26 Août

Djobi, djoba

 

roulotte

Paul, mon fils, vient de finir un tournoi de rugby poussin. Nous sommes dans la forêt d’Andernos, il fait noir car nous sommes restés au barbecue local. Je m’égare dans un petit chemin et me retrouve nez à nez avec une camionnette. J’ose klaxonner. La porte s’ouvre et descendent trois gros gaillards dont le faciès typique m’indique leur origine : des gens du voyage, des gitans. Ils ont des barres de fer! Je verrouille la voiture. Polo a peur et moi, je suis terrorisé!

« On va mourir Papa, on va mourir ! »

Le plus gros, le plus agé se présente contre ma vitre, me regarde droit dans les yeux, et soudain pointe son index dans ma direction.

« Antoine, Antoine , c’est Jean Ba ! » j’ai tellement peur que je ne sais plus si je cauchemarde, si je le connais, si je peux lui foncer dessus.

« Jean Ba, ton pilier gauche en cadet! » Là , je me rappelle un petit frisé tout maigre au regard très bleu qui jouait pilier et qui n’avait peur de rien. Trente ans plus tard, le pilier est comme un cube au visage basané, mais aux pépites toujours aussi expressives.

Nos retrouvailles dans cette forêt sombre ont quelque chose de surréaliste. Lui, fou heureux de joie, son petit ailier qu’il protégeait naguère pendant les bagarres générales, encore plus heureux de savoir qu’il venait de trouver son médecin généraliste, et moi, heureux d’être sain et sauf après avoir pensé être dépouillé par une bande de gitans!

Il n’a pas fallu longtemps pour que Jean Ba m’ utilise comme son docteur.

Il est 4 heures du matin : « Antoine c’est Jean Ba, tu peux venir? Ma petite ne va pas bien du tout, elle a 2 mois, elle s »étouffe ! »

Je pars, heureux de la confiance qu’il m’accorde. Je suis excité d’être impliqué dans un milieu marginal et qui bouleverse mes habitudes de petit médecin d’une bourgeoisie bordelaise.

Arrivé a l’adresse  indiquée, je ne vois qu’un terrain vague sur lequel se trouve quatre caravanes.
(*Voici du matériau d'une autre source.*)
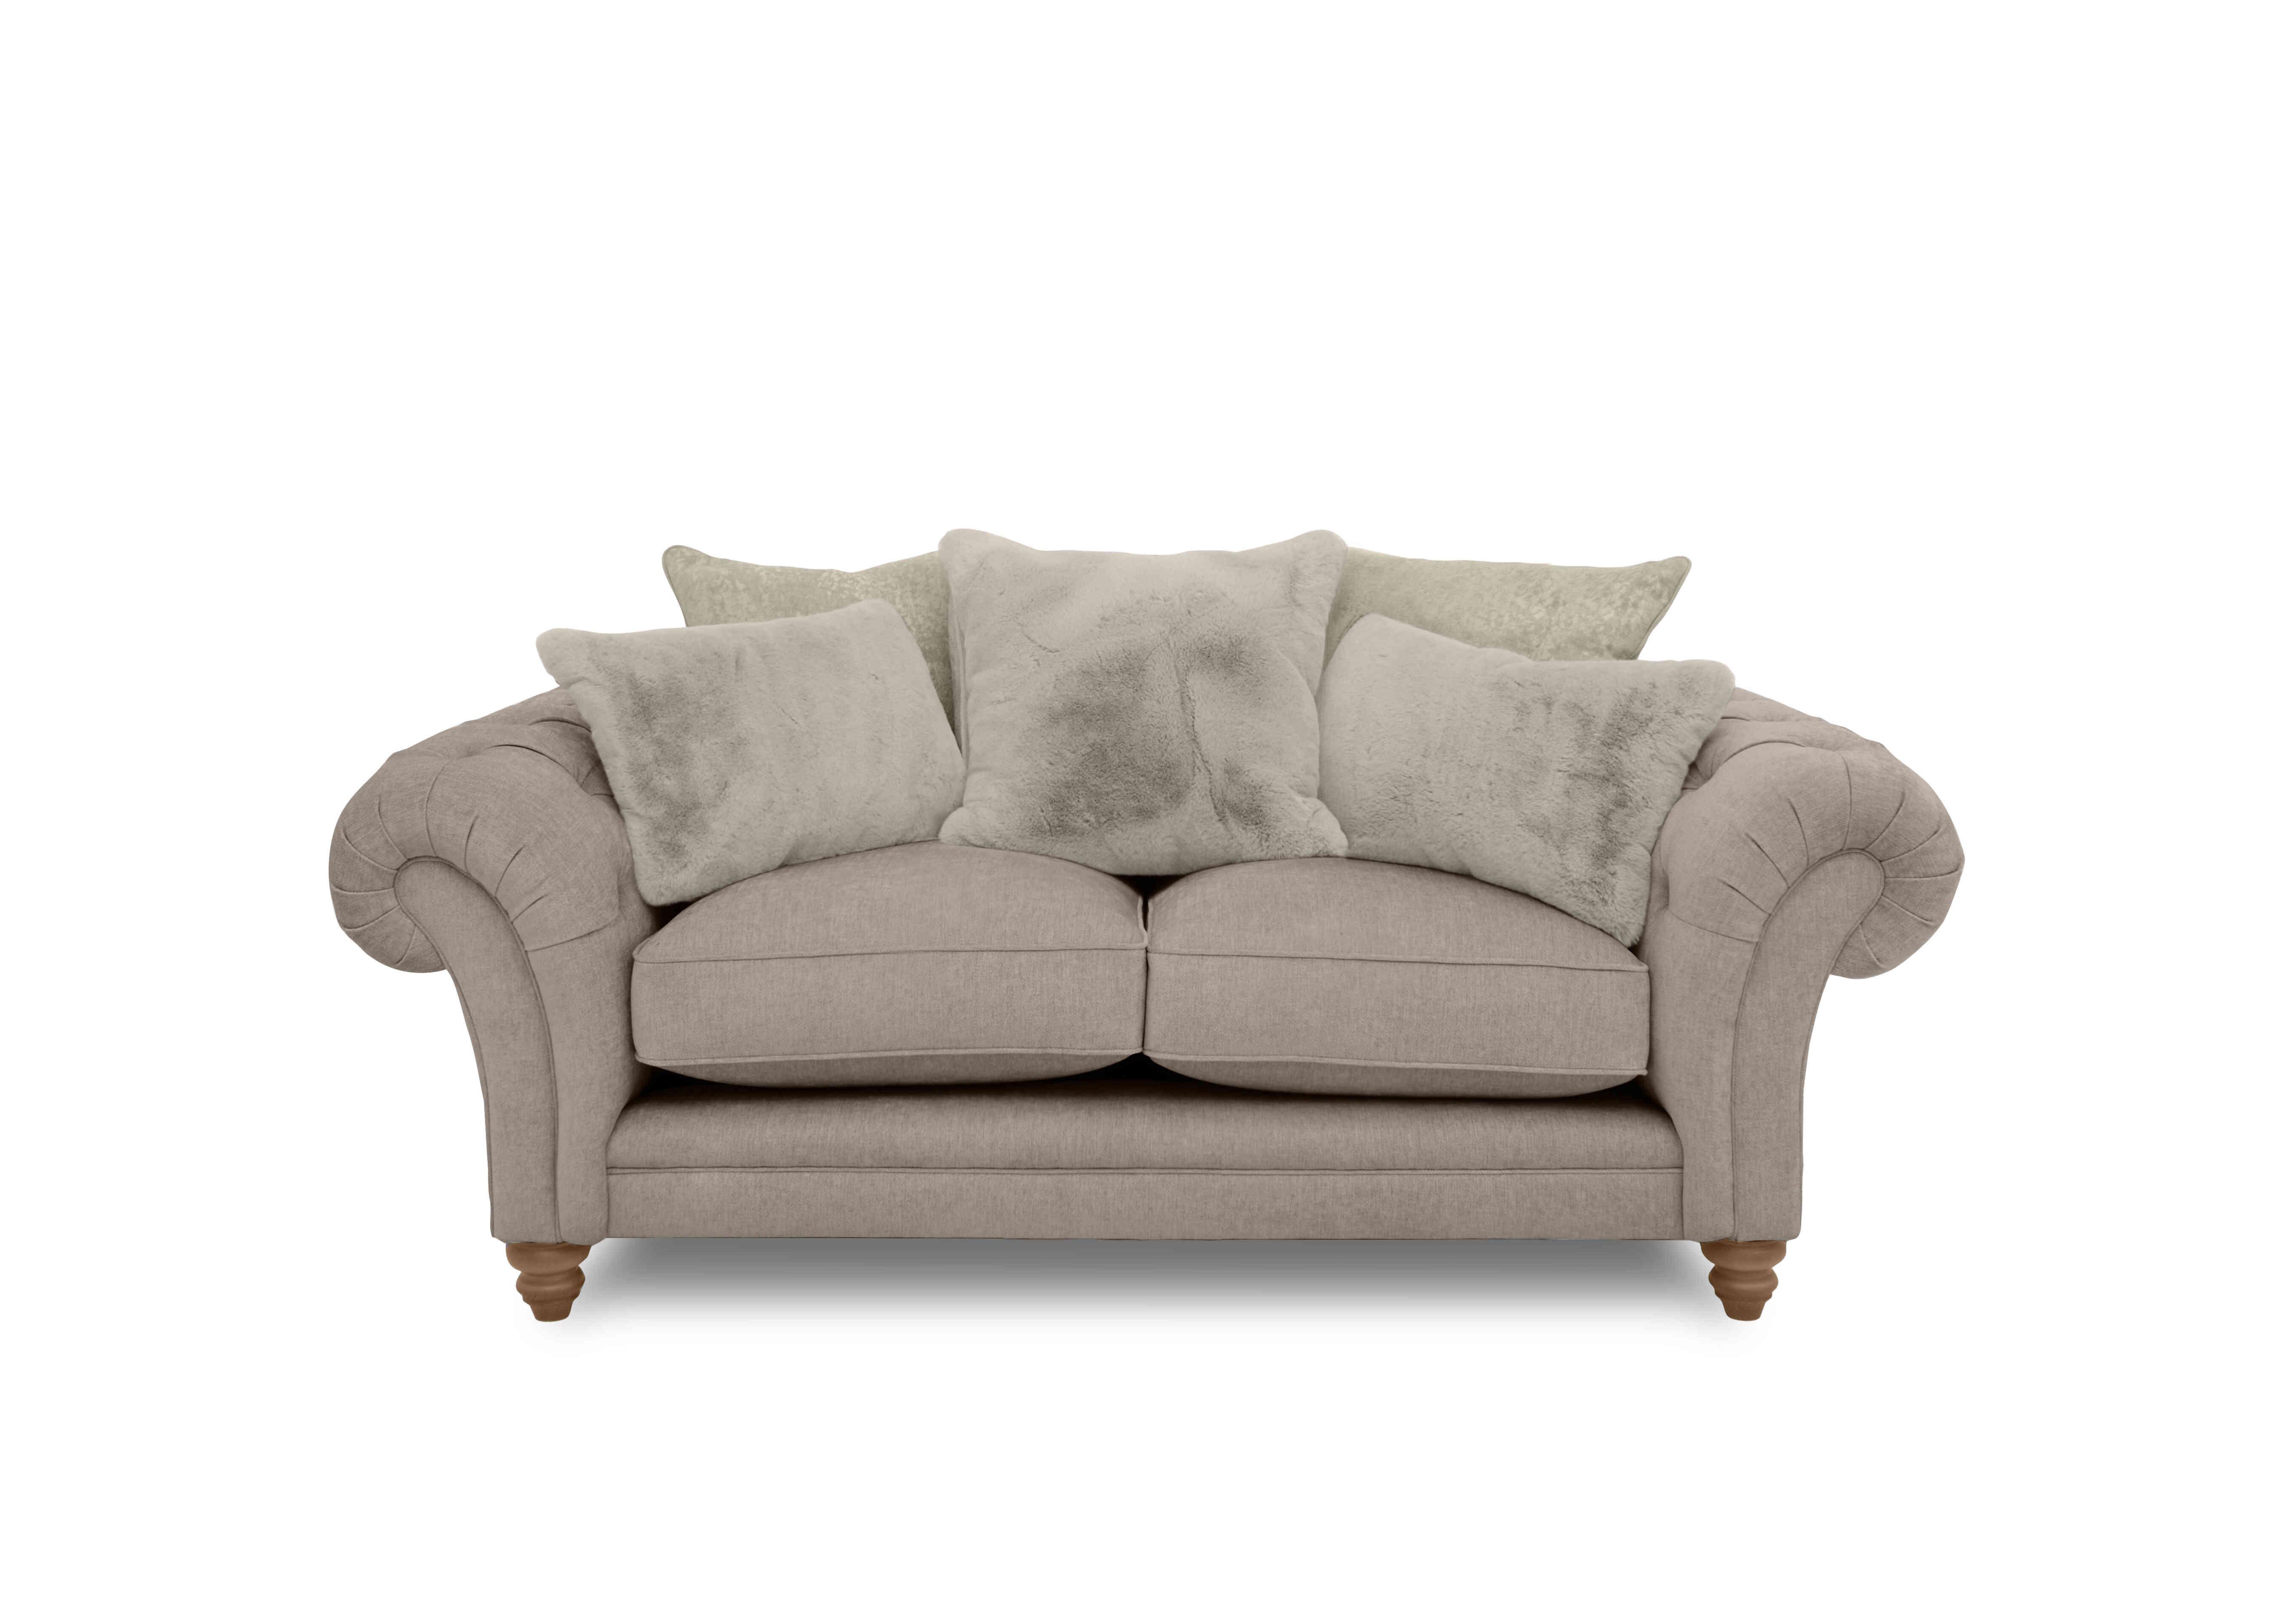 Blenheim 2 Seater Scatter Back Sofa in Darwin Mink Of on Furniture Village

J’ose m’avancer… avec une petite tachycardie bien naturelle vu le décor, et je vois un vieux monsieur qui s’approche de moi avec un fusil à la main. J’ai peur,  je demande si c’est bien là qu’habite Jean Ba.

 » Non, on connait pas , partez, partez, on a rien à se reprocher!

– Mais je viens pour sa petite fille, je suis docteur.

– Ah bon, je croyais que t’étais un flic. »

Jean Ba sort de sa caravane somptueuse: « Rentre vite, Antoine, elle va mal ».

Le décor est cinématographique. La grand mère est là, toute vêtue de noir. La maman,la femme de Jean Ba, pleure. Elle a une chemise de nuit rose fuchsia et doit avoir 25 ans pas plus. Le feu crépite devant la porte et permet d’entrevoir le petit couffin dans lequel la petite Shirley (toujours des prénoms originaux chez les gitans ) respire très mal. C’est une crise de bronchiolite, c’est sûr! Shirley est une belle petite boule chevelue. Elle les même yeux bleus que son papa.

L’examen confirme mes premières impressions, elle a un fort tirage pulmonaire, son état est critique.

 » Elle va mourir?  » me demande Jean Ba.

– Non, mais il serait plus prudent de l’amener à  l’hos…,  et il m’interrompt brutalement : « Jamais,  tu m’entends, Antoine? Jamais bébé ira a l’hosto, tu vas la soigner là, en famille. »

– Mais …

– Je vais aller chercher dans ma voiture  ma trousse d’urgence.

– Ouais, vas-y mon Toine. »

L’injection de cortisone dans ces petites fesses, les bouffées de ventoline avec le baby inhaler ont eu raison de la bronchiolite.  Je suis resté jusqu’à 8h du matin, j’ai bu du café devant le feu, j’ai mangé une soupe garbure. La peur que j’avais ressentie en arrivant devant le vieux et son fusil s’est transformée en une incroyable scène de cinema au décor de Geoffroy Larcher .

Le lendemain, en arrivant devant la porte arrière de mon bureau où je rentre pour m’installer tranquillement, je vois un super vélo rouge neuf, avec un mot écrit au feutre vert sur une page de cahier scolaire : « MERSSI MON TOINE D’AVOIR SOVE MA PETITE SHIRLEY. JEAN BA

Je téléphone immédiatement: « Mais il ne fallait pas, Jean ba, c’est très gentil, mais … »

– T’inquiètes pas, mon toine, il n’est pas volé, je l’ai juste emprunté à Carrefour. » Je deviens ce jour-là médecin et recelleur!